SATA is fast and cheap; just make sure you spend a little bit more to get the "nearline" storage drives and not just desktop drives. Put them behind a 3ware 9550 and you'll fly.
Fellowship 9/11
Dude, that thinking is the difference between an SA and an Engineer. Thinking like that would have us all running MFM drives, and these newfangled "SCSI" disks would be too risky random equipment to test out on a server.
-- "In order to have power, I must be taken seriously." -Mojo Jojo
The very definition of RAID is "Redundant Array of INEXPENSIVE Disks". Emphasis mine.
I've already read a bunch of posts about how SCSI is more reliable than SATA. Well, they actually mean SCSI drives are generally more reliable than SATA drivers (and some actually say so). They're quite correct for the most part.

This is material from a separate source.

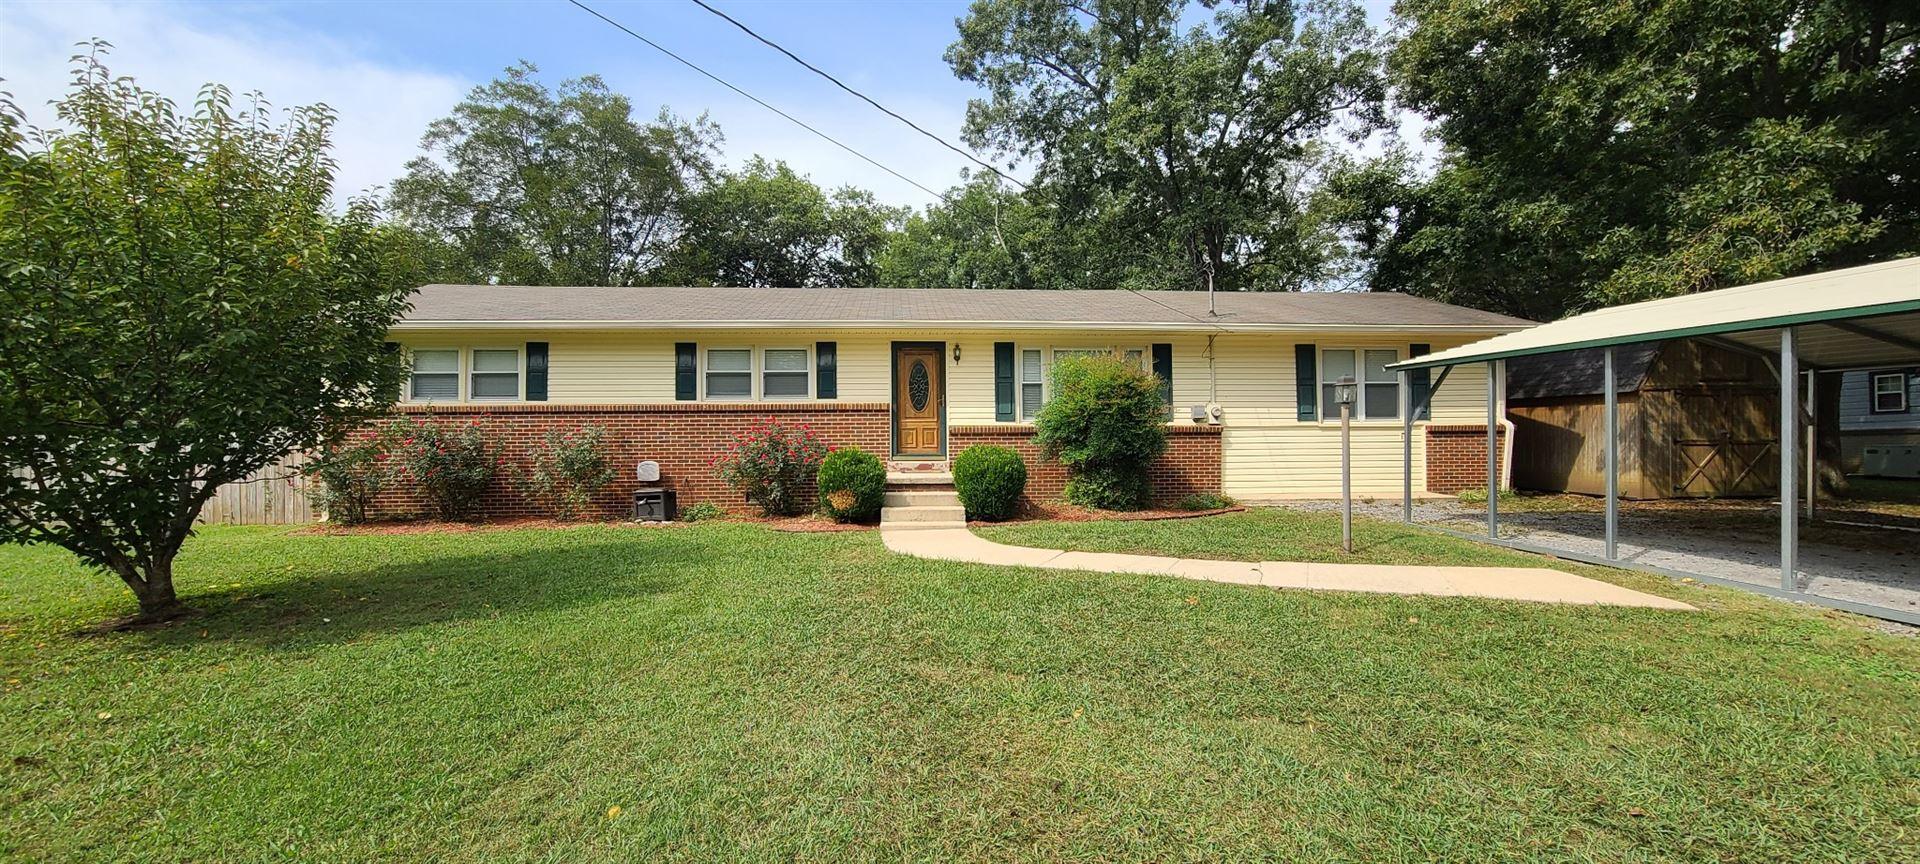 108 Tremont Dr, Shelbyville, TN 37160 - MLS#: 2298621

Here's what storage vendors don't want you to know: It doesn't matter.
Use RAID. With SCSI or FC disks, you'll have to use RAID5. At that point, two disk failures in a given array and you're screwed. You REALLY care that two disks don't fail at the same time. And when you're using low-end or even mid-range drives, it happens.
Why do you have to use RAID5? Because with SCSI or FC disks, RAID5 is the only economical option. With a 300GB SCSI drive going for at least $1200USD, and FC drives of that size going for $2500USD, even the biggest corporations end up using RAID5.
Of course, RAID5 isn't the only level of RAID. It's the least redundant of any level of RAID, as a matter of fact.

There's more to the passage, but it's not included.